Day 3 – afternoon

I’ve started to clean the flat and after like 40 mins I’ve just sat down to rest a second. To think and now… I need to touch myself. It’s crazy how horny I can get by only thinking of Him. And the strange thing is… almost everything reminds me of Him. I have these ben wa balls.. I used to send Him videos of me inserting or pulling them out… He loved those… Now I can’t use them without thinking of Him.

A few weeks ago I needed His permission to touch myself. I won’t tell Him now. He’s busy and I can’t make things how they were before. He can, but not me. I hope He will, in time, but I have to be patient, I have to let Him decide how this will be from now on. Everything is up to Him.

But the thing is… It’s a bit hard to talk about this, even here, even to you.. How can I put this… When we have sex with my boyfriend, I don’t want him to make me come. I’d rather please myself later on when his not around.. I still enjoy having sex with him and i like to please him of course, but my pleasure?

I want to offer it to Him somehow, even though He won’t ever find it out. Yes, I know, I’ve sent Him the link to this, but He said He won’t really be around reading it. So I will go with “never” here and continue to write as that.

Anyway… I feel like if I’m pleasing myself thinking of Him, I somehow can get closer to Him…

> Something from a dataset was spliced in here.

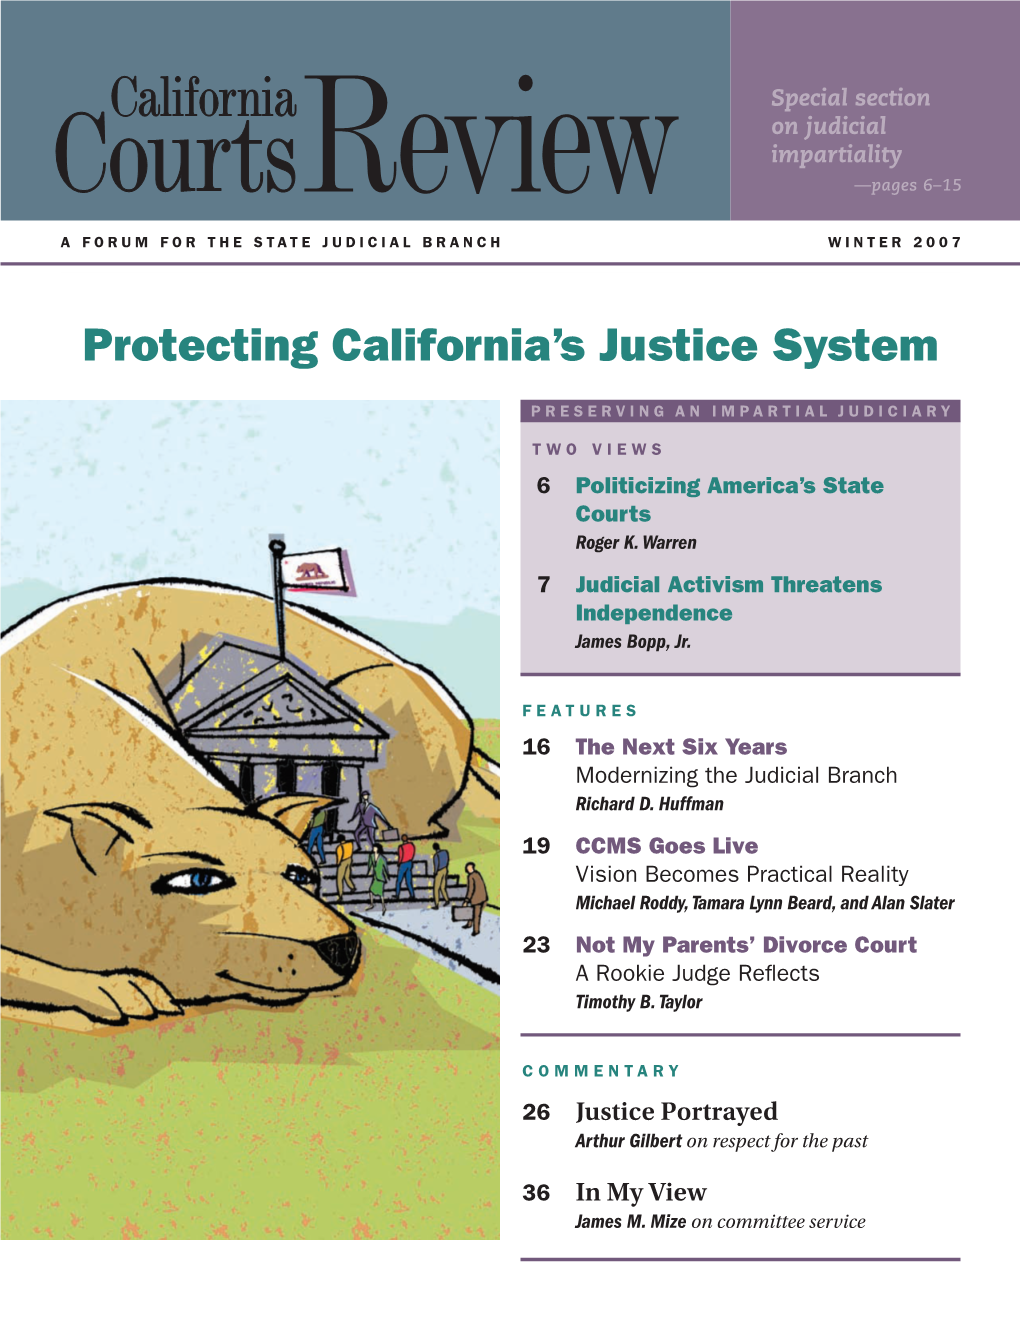 Protecting California's Justice System

And that’s what i need right now…
I’m not gonna watch His videos though.
Not just yet…
God, I’m so wet…
I want His cock…

I want it inside me… I want Him to fuck me from behind while holding me by my throat whispering filth to my ears… I want to hear Him moan, I wanna feel Him come inside me just when I would faint from choking He’d relax His grip and let me breathe again… God I need Him here!

Day 1 – night

Its not getting any easier with Him being all sweet the whole day… after that morning fight we had we stopped texting for an hour or two. Then i was the one who broke the silence but since then He is so nice and sweet… He keeps calling me Sweetie. He knows i love it. i miss Him so bad… I miss the dirty talk, the sex – even though it was only virtual. I’ve been horny the whole fucking day, thinking about Him, replaying conversation we had in my head… Thinking of His cock, imagining how it would feel inside me… His hands on my throat, gripping it tight, fucking me from behind really hard… God I’m so wet!

I miss Him calling me His whore… and i miss our breathing game the most…
He used to tell me when to take a deep breath and He made me hold it in. Telling me to imagine His cock inside me, telling me to fuck myself as He would me. Telling me how many fingers do i have to use and when and how deep should i go… Then He would let me breathe out… God it was PERFECT. And He took it away from me!

He said I should always remember how He loves me and doing this for both of us, but this is simply cruel. When He watched me i could see on Him how He enjoyed it! Why would He want to stop then?

Ahh i cant take this! I cant live without Him, without my perfect man!